## STUDY MATERIAL
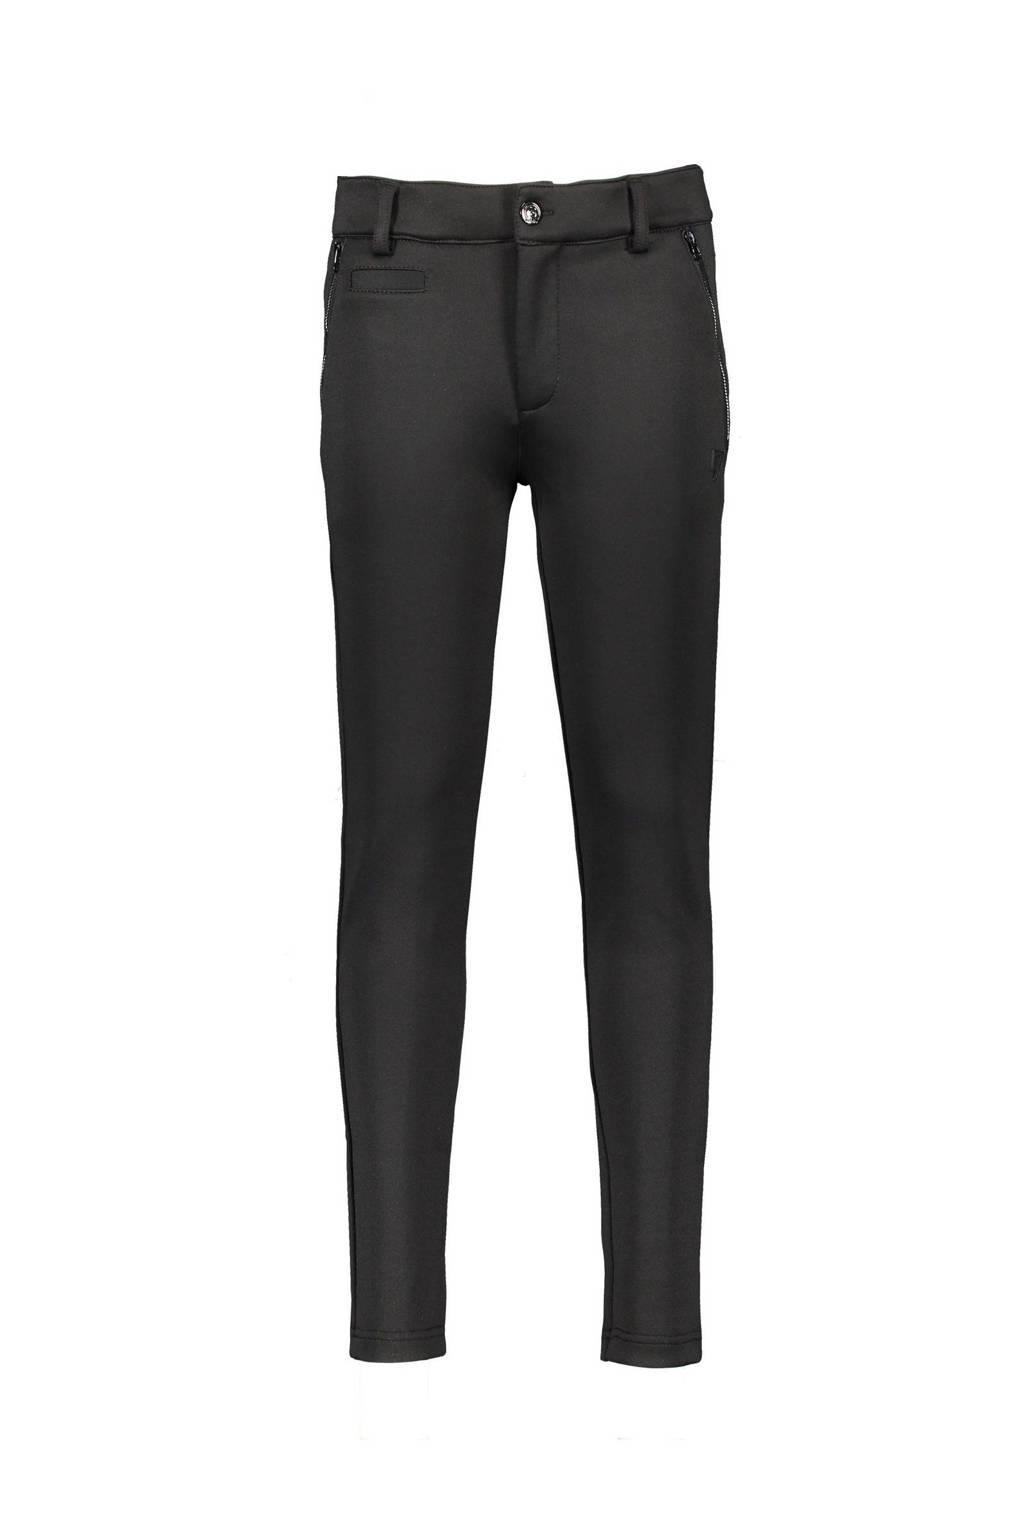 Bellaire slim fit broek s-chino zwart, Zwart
--
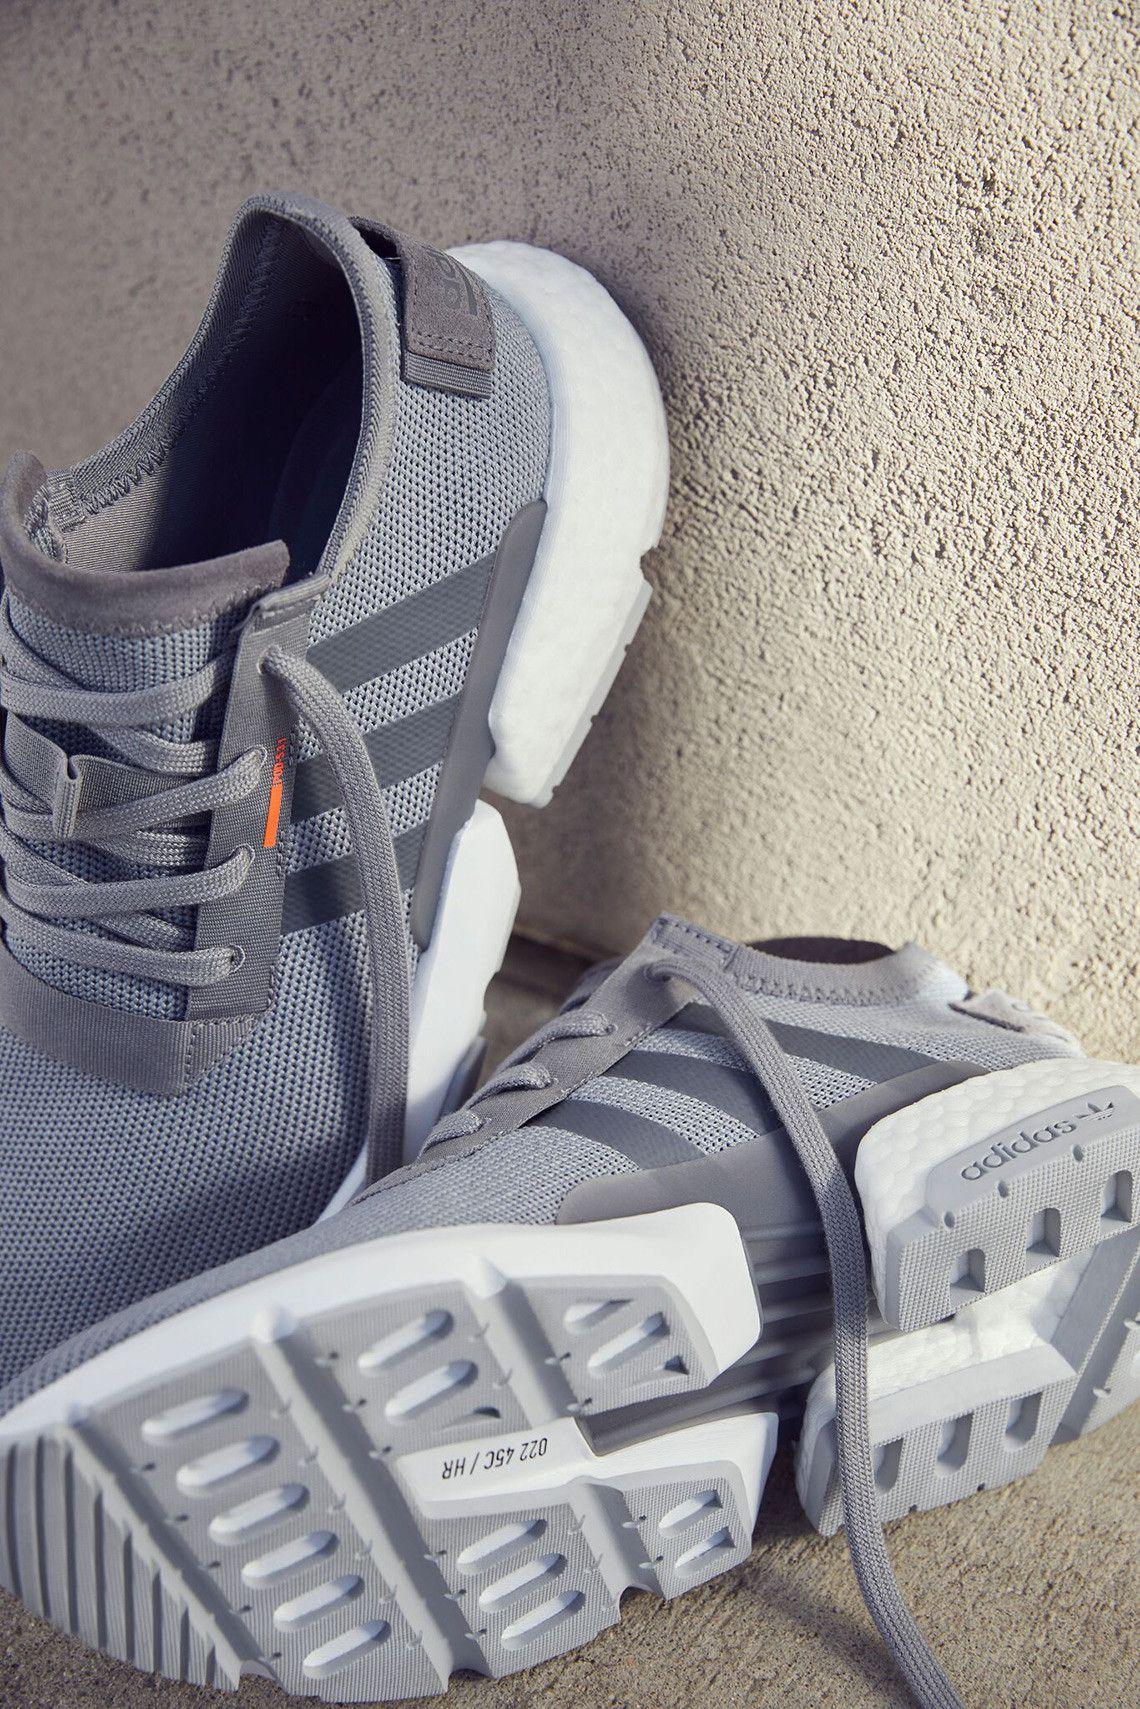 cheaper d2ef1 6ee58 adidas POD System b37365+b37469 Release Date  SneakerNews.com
...
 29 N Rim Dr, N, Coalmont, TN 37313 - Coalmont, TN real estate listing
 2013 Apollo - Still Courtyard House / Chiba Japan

## WHAT THE TASK ASKS
Reproduce, word for word and in full, only the lines above that start at the line with "29 N Rim Dr, N, Coalmont, TN" and run through the line with "2013 Apollo - Still", both ends included.

## WRITTEN SOLUTION
 29 N Rim Dr, N, Coalmont, TN 37313 - Coalmont, TN real estate listing
 2013 Apollo - Still Courtyard House / Chiba Japan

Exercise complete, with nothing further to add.